Free Radic Res. 2006 Nov;40(11):1173-81. doi: 10.1080/10715760600847580.
The senescence-accelerated prone mouse strain 8 (SAMP8) exhibits a remarkable age-accelerated deterioration in learning and memory. In this study, we identified carbonyl modification, a marker of protein oxidation, in liver and brain of SAMP8 from peptide mass fingerprints using MALDI-TOF mass spectrometry in combination with LC-MS/MS analysis. Carbonyl modification of Cu,Zn-superoxide dismutase (Cu,Zn-SOD) in liver at 3 month and hippocampal cholinergic neurostimulating peptide precursor protein (HCNP-pp) in brain at 9 month were higher in SAMP8 compared with control SAMR1. We demonstrated carbonyl modification of purified Cu,Zn-SOD increased by the reaction with H2O2. Therefore, progressive accumulation of oxidative damage to Cu,Zn-SOD, may cause dysfunction of defense systems against oxidative stress in SAMP8 with a higher oxidative states, leading to acceleration of aging. Furthermore, carbonyl modification of HCNP-pp may be involved in pathophysiological alterations associated with deterioration in the learning and memory in the brain seen in SAMP8.
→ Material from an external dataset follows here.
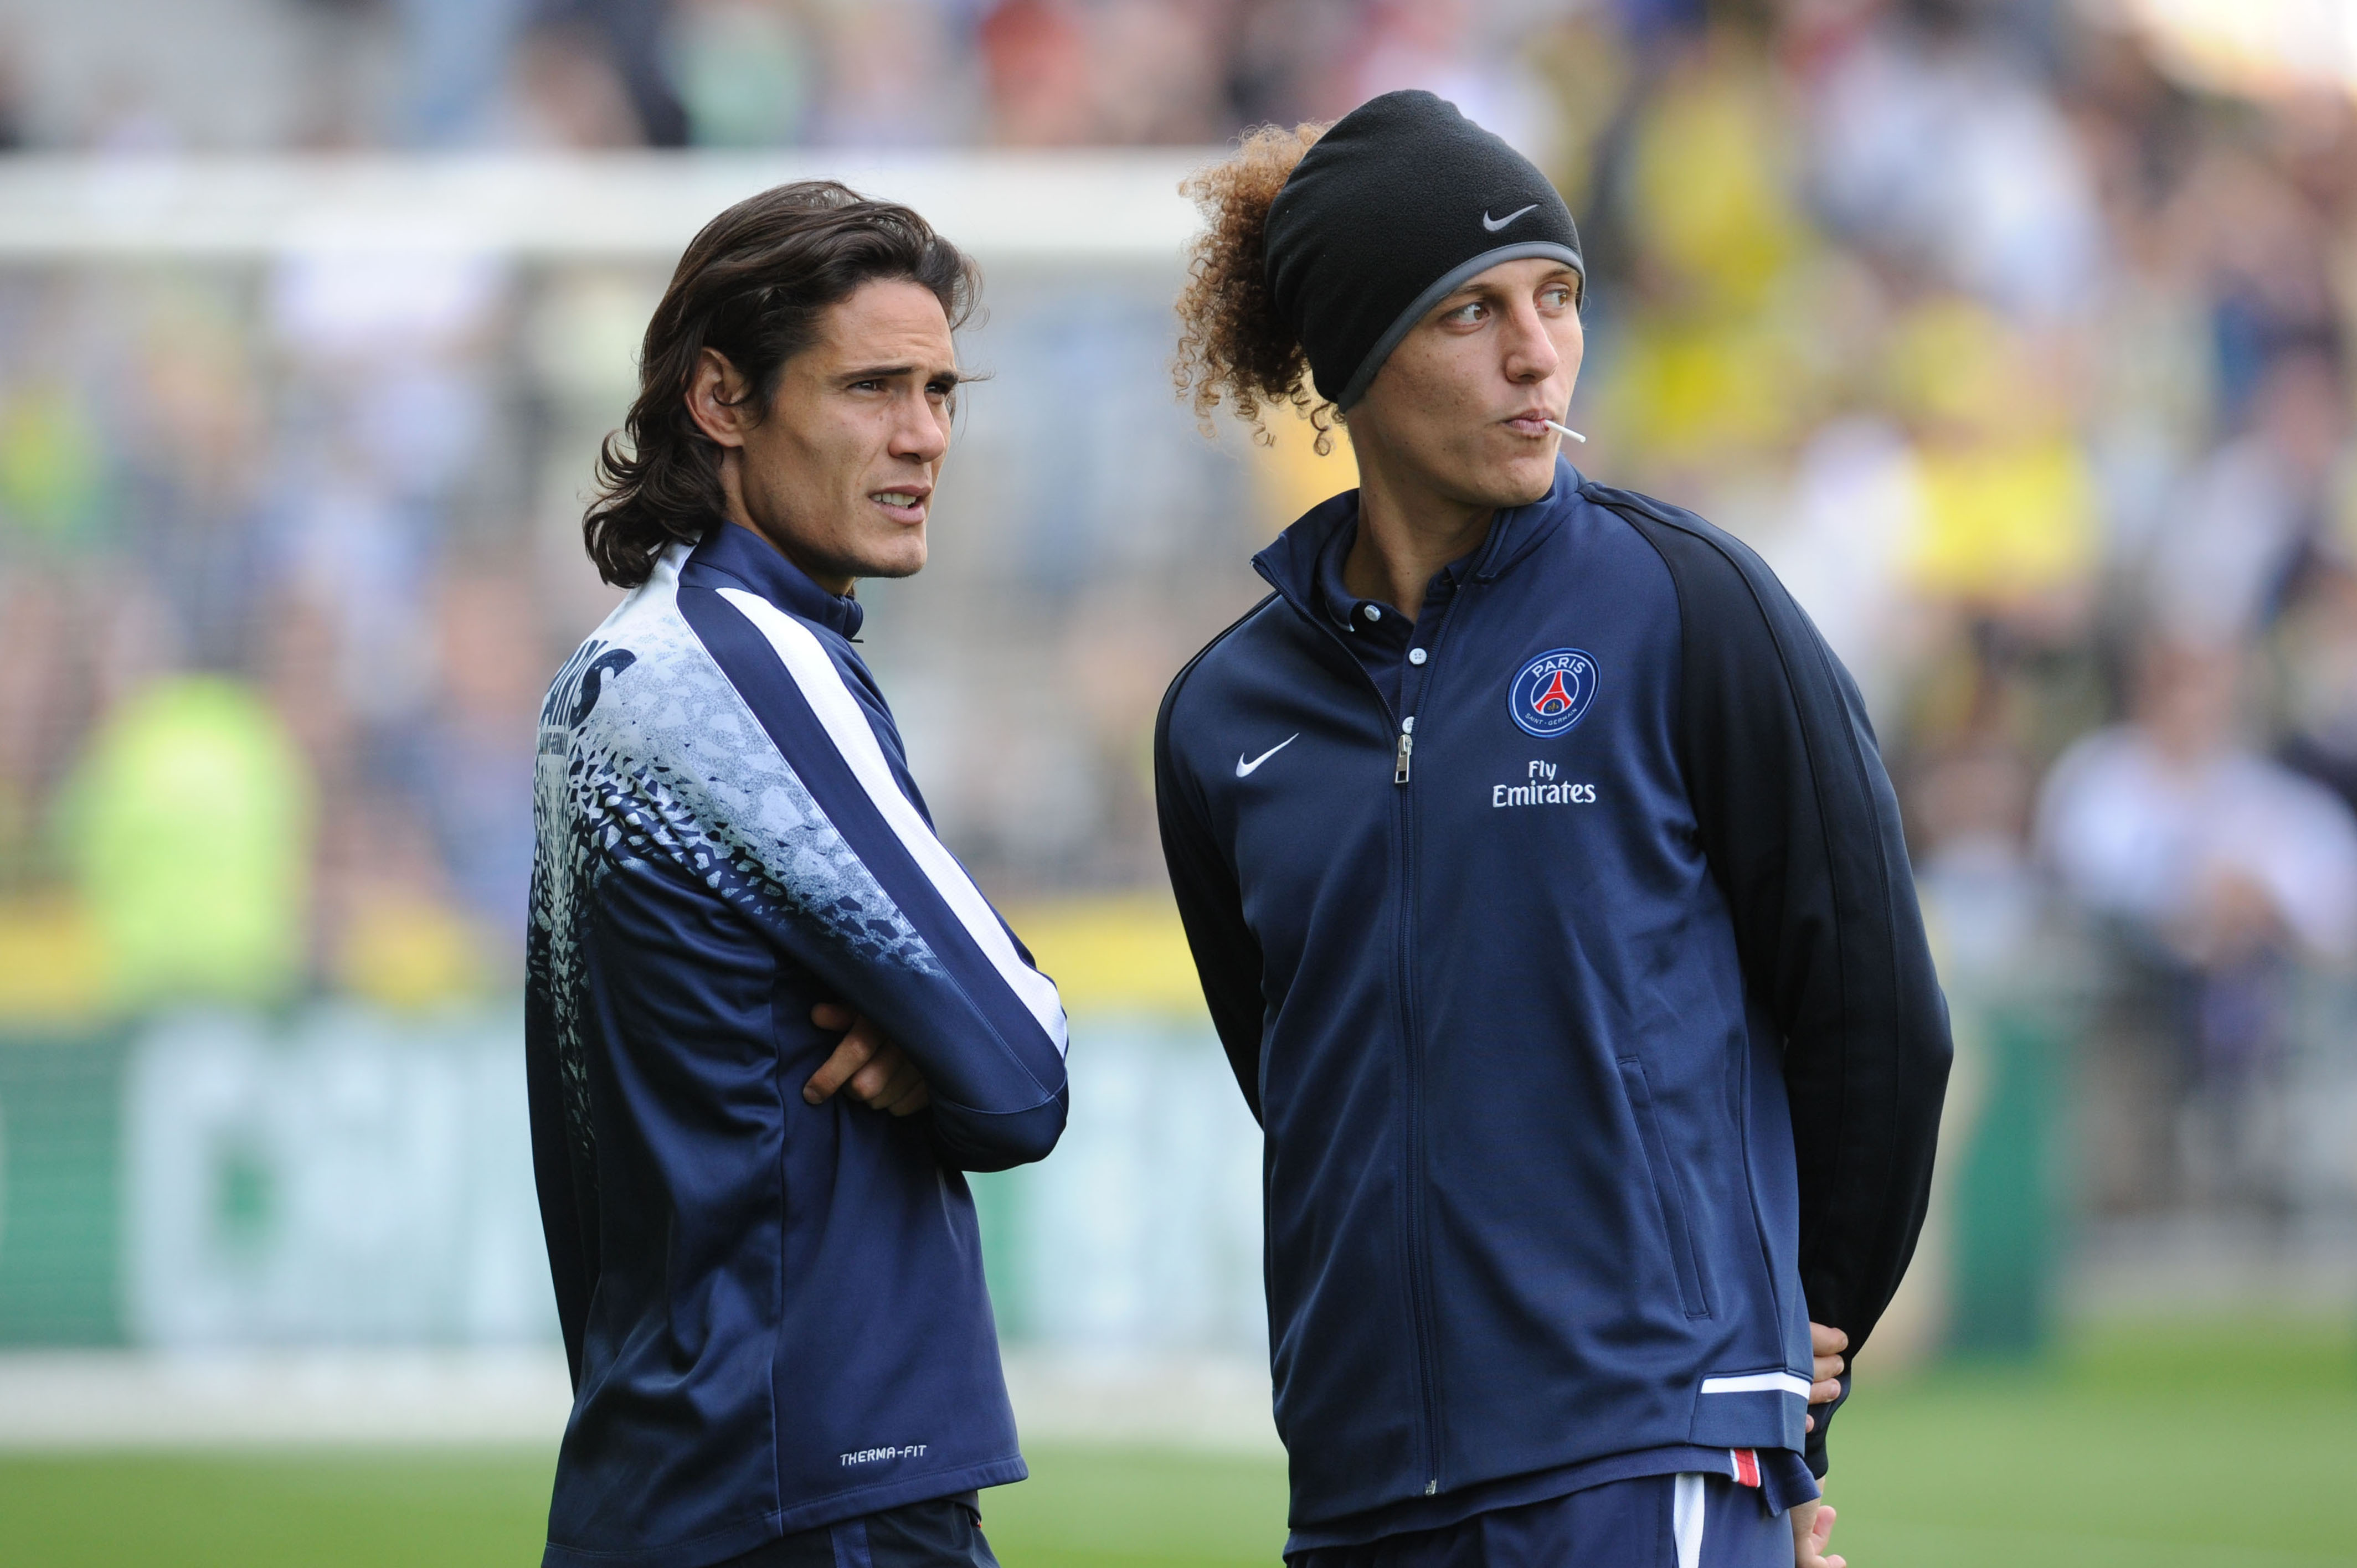 David Luiz & Edinson Cavani Fear Return to PSG After Attacks
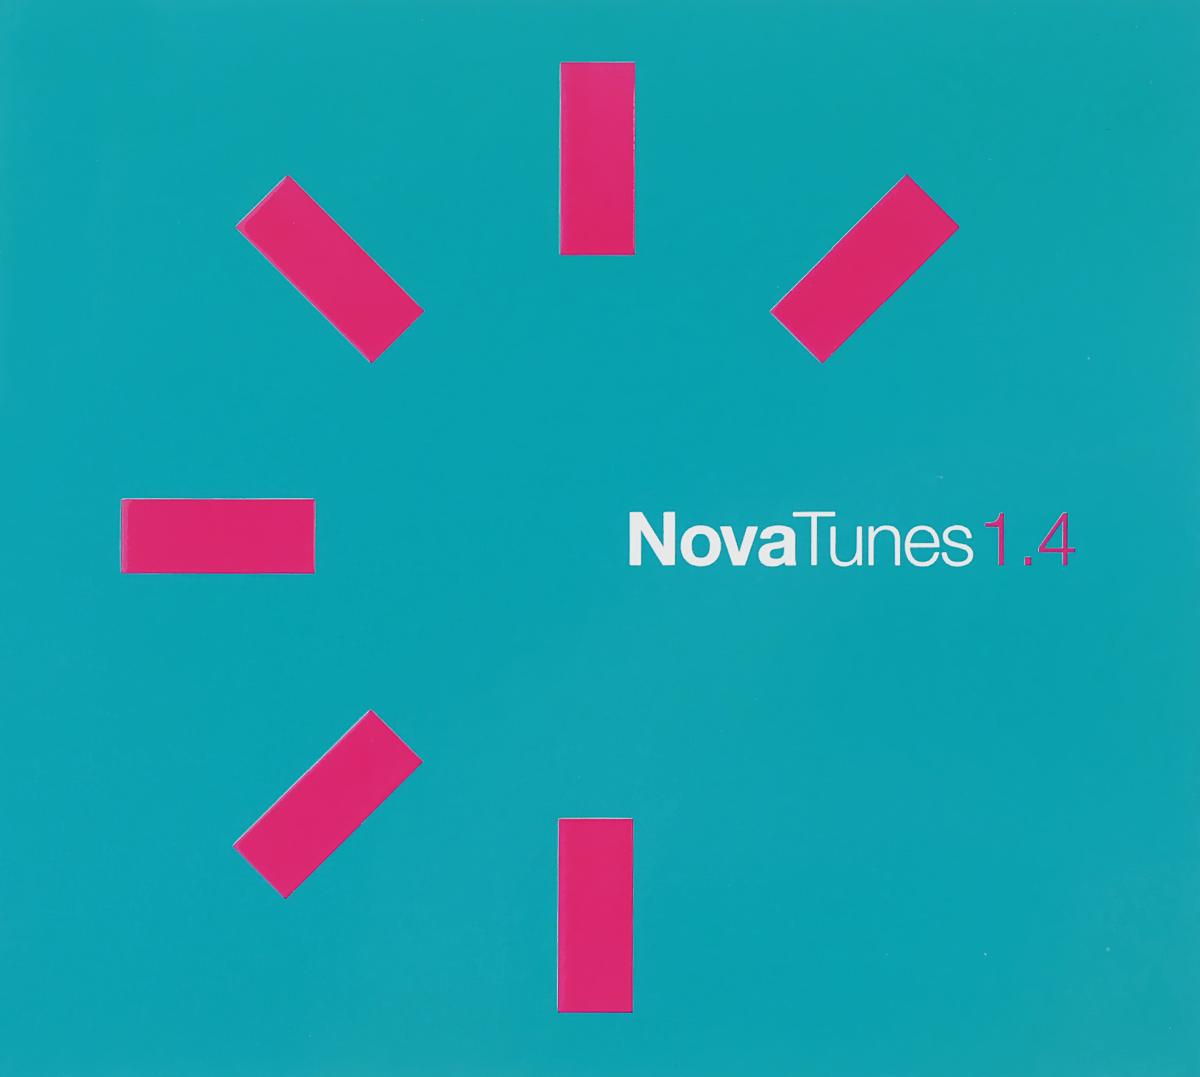 Nova Tunes 1.4

衰老加速易感性小鼠8品系(SAMP8)在学习和记忆方面表现出显著的年龄加速衰退。在本研究中,我们使用基质辅助激光解吸电离飞行时间质谱(MALDI-TOF)结合液相色谱-串联质谱(LC-MS/MS)分析,从肽质量指纹图谱中鉴定出衰老加速易感性小鼠8品系肝脏和大脑中蛋白质氧化的标志物羰基修饰。与对照品系SAMR1相比,3月龄SAMP8肝脏中的铜锌超氧化物歧化酶(Cu,Zn-SOD)和9月龄SAMP8大脑中的海马胆碱能神经刺激肽前体蛋白(HCNP-pp)的羰基修饰水平更高。我们证明,纯化的Cu,Zn-SOD与过氧化氢反应后羰基修饰增加。因此,在氧化状态较高的SAMP8中,Cu,Zn-SOD氧化损伤的逐渐积累可能导致抗氧化应激防御系统功能障碍,从而加速衰老。此外,HCNP-pp的羰基修饰可能参与了SAMP8中与大脑学习和记忆衰退相关的病理生理改变。